» **THE PROBLEM**: Span requested from the data below: the line with "Portrait of Per" through the line with "Hummel Hmltres T-Shirt", both included. Give only these lines again, exactly, and leave every picture out.
--- DATASET CONTENT ---
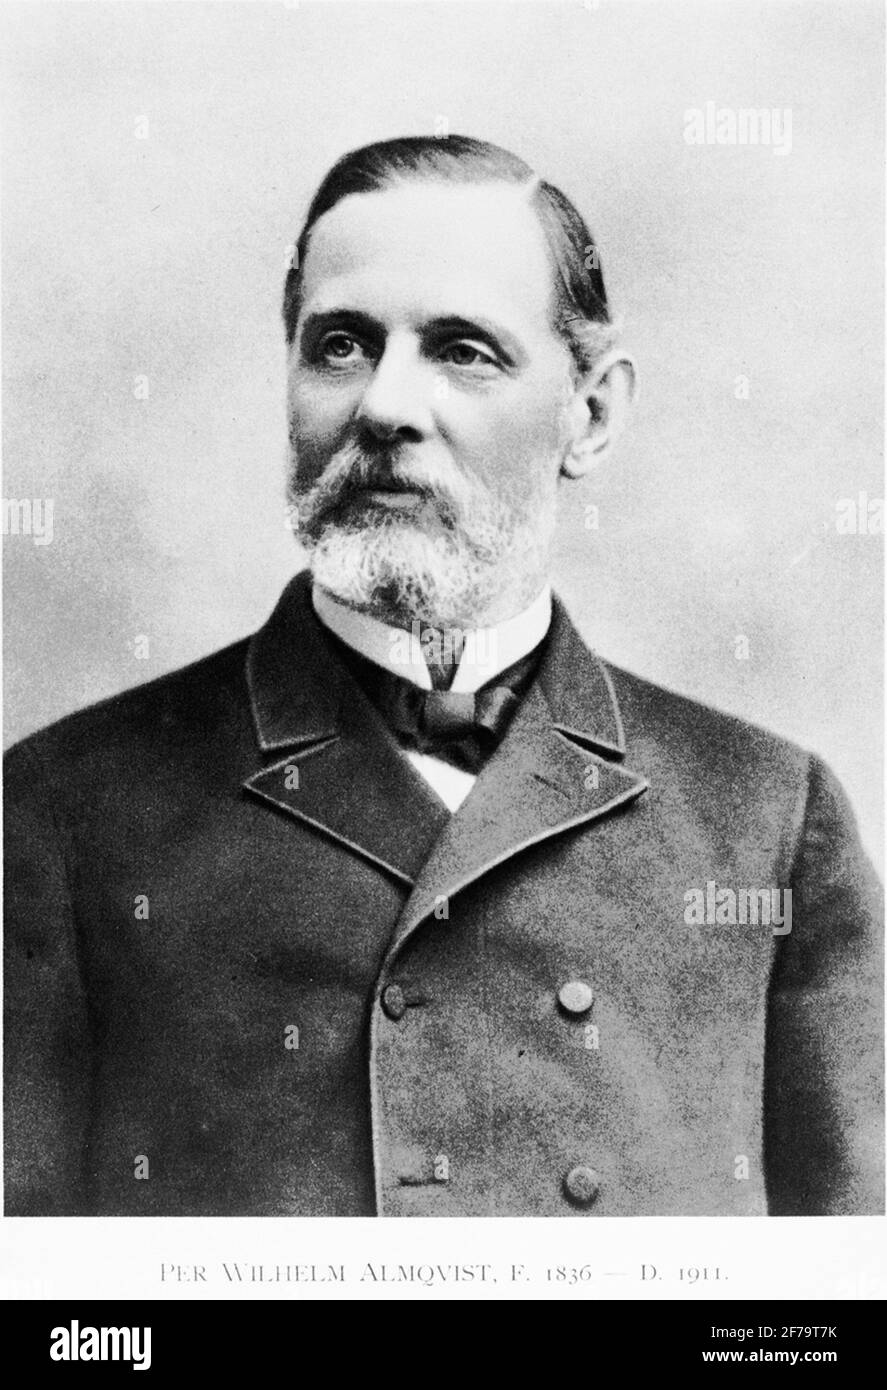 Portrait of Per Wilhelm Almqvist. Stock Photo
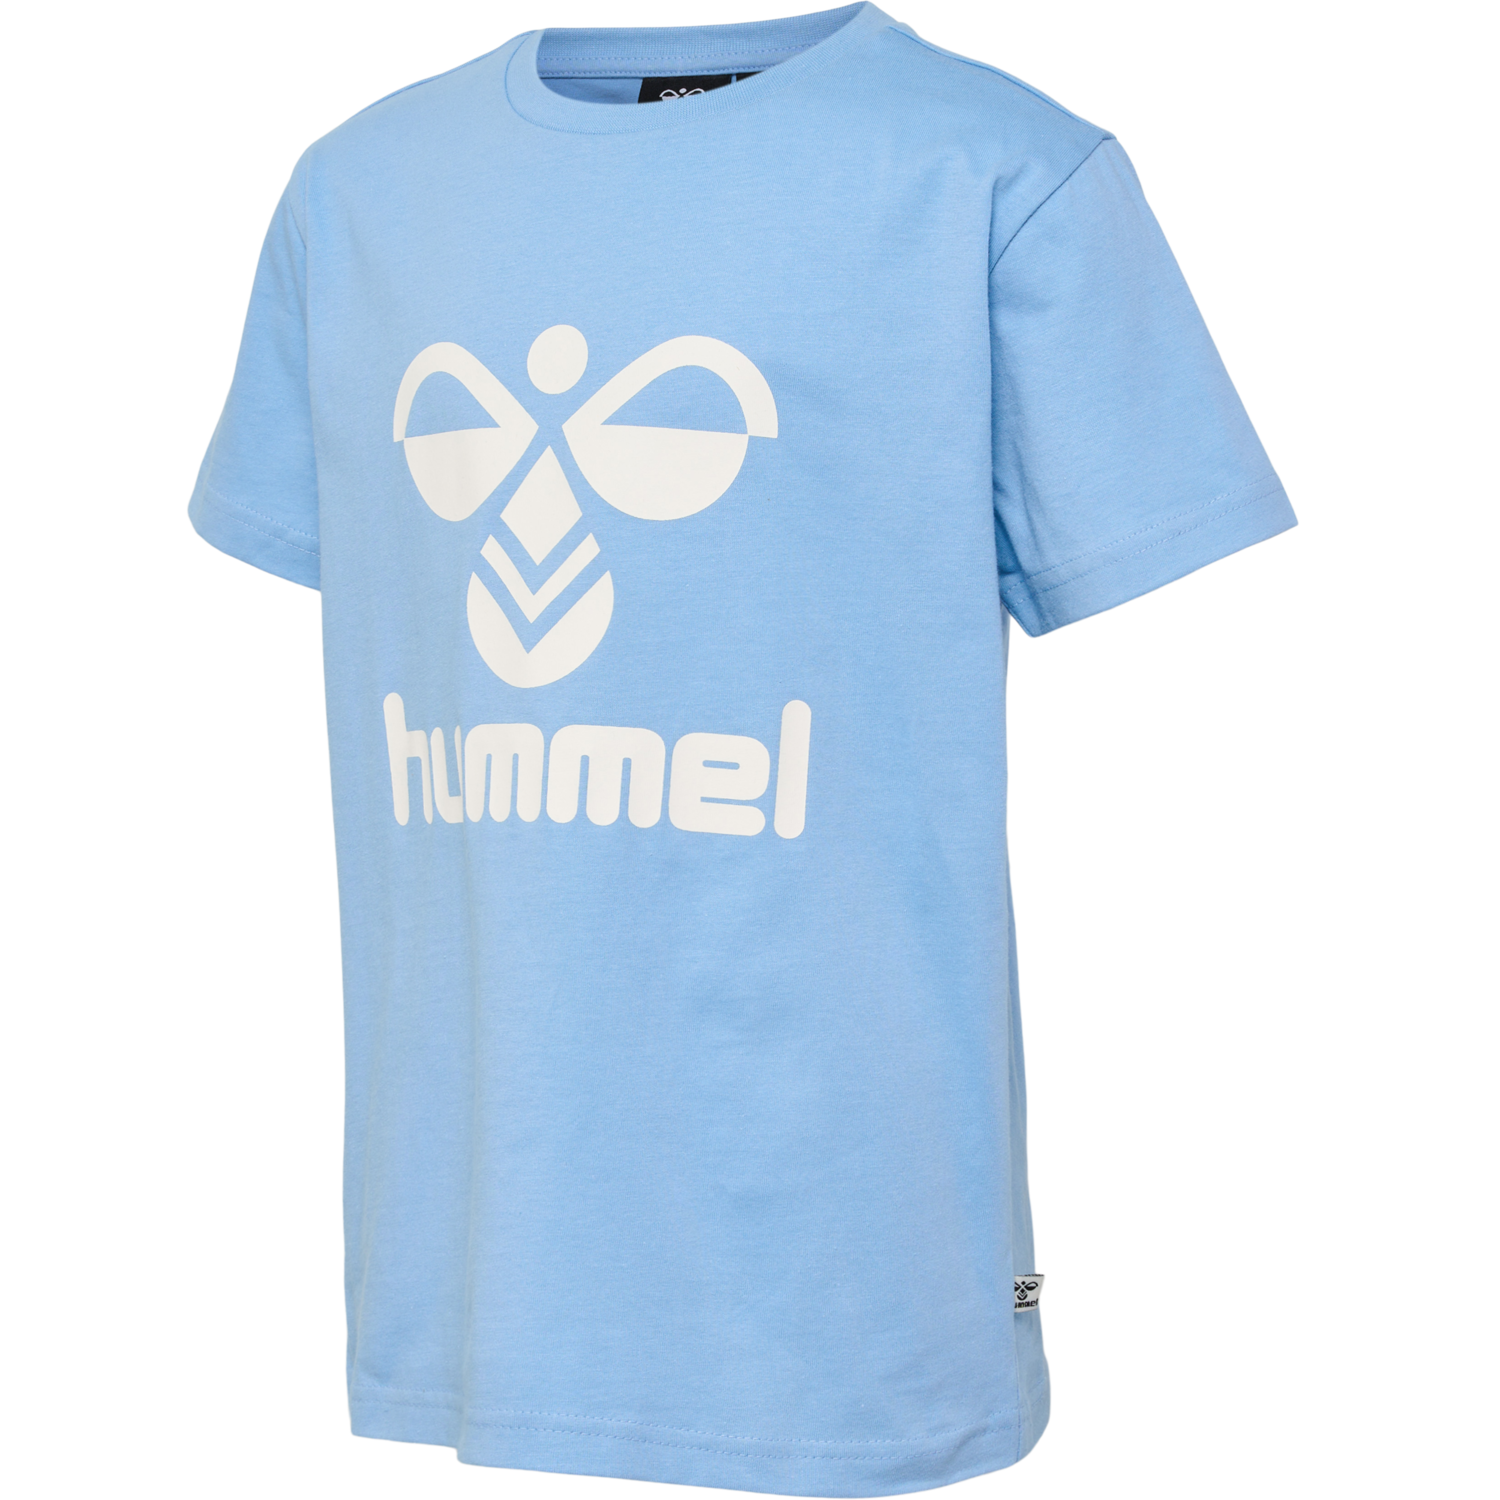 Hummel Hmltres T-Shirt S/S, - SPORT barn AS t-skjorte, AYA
---
--- DATASET CONTENT ---
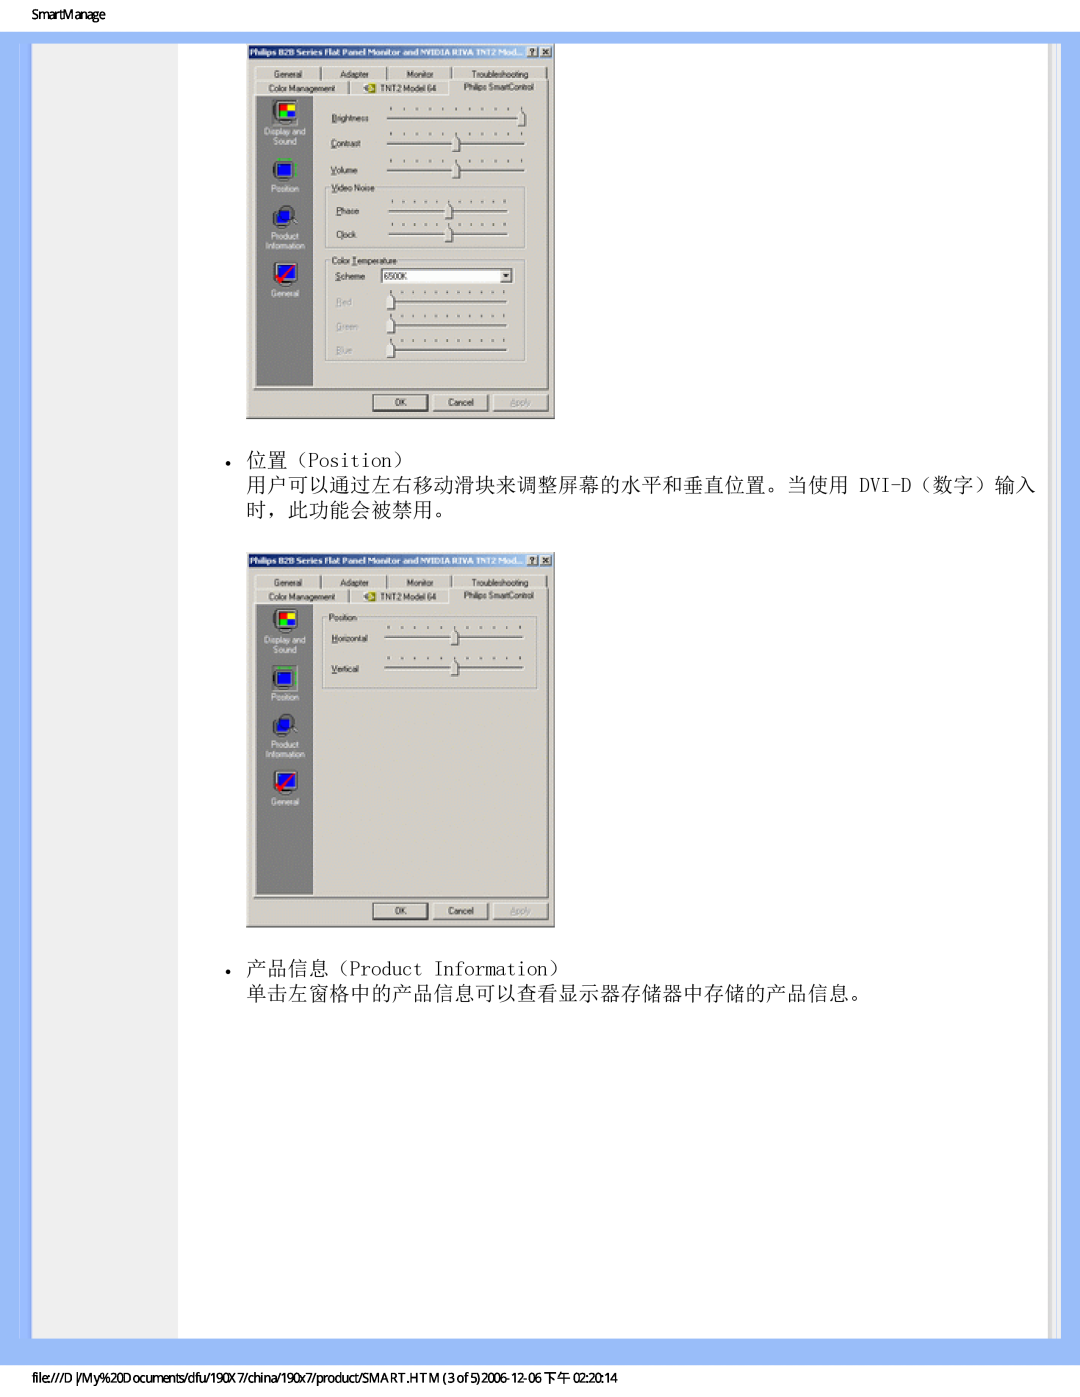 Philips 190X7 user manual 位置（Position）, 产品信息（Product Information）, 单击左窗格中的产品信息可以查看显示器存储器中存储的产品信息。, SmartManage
---
» **ANSWER**:
 Portrait of Per Wilhelm Almqvist. Stock Photo
 Hummel Hmltres T-Shirt S/S, - SPORT barn AS t-skjorte, AYA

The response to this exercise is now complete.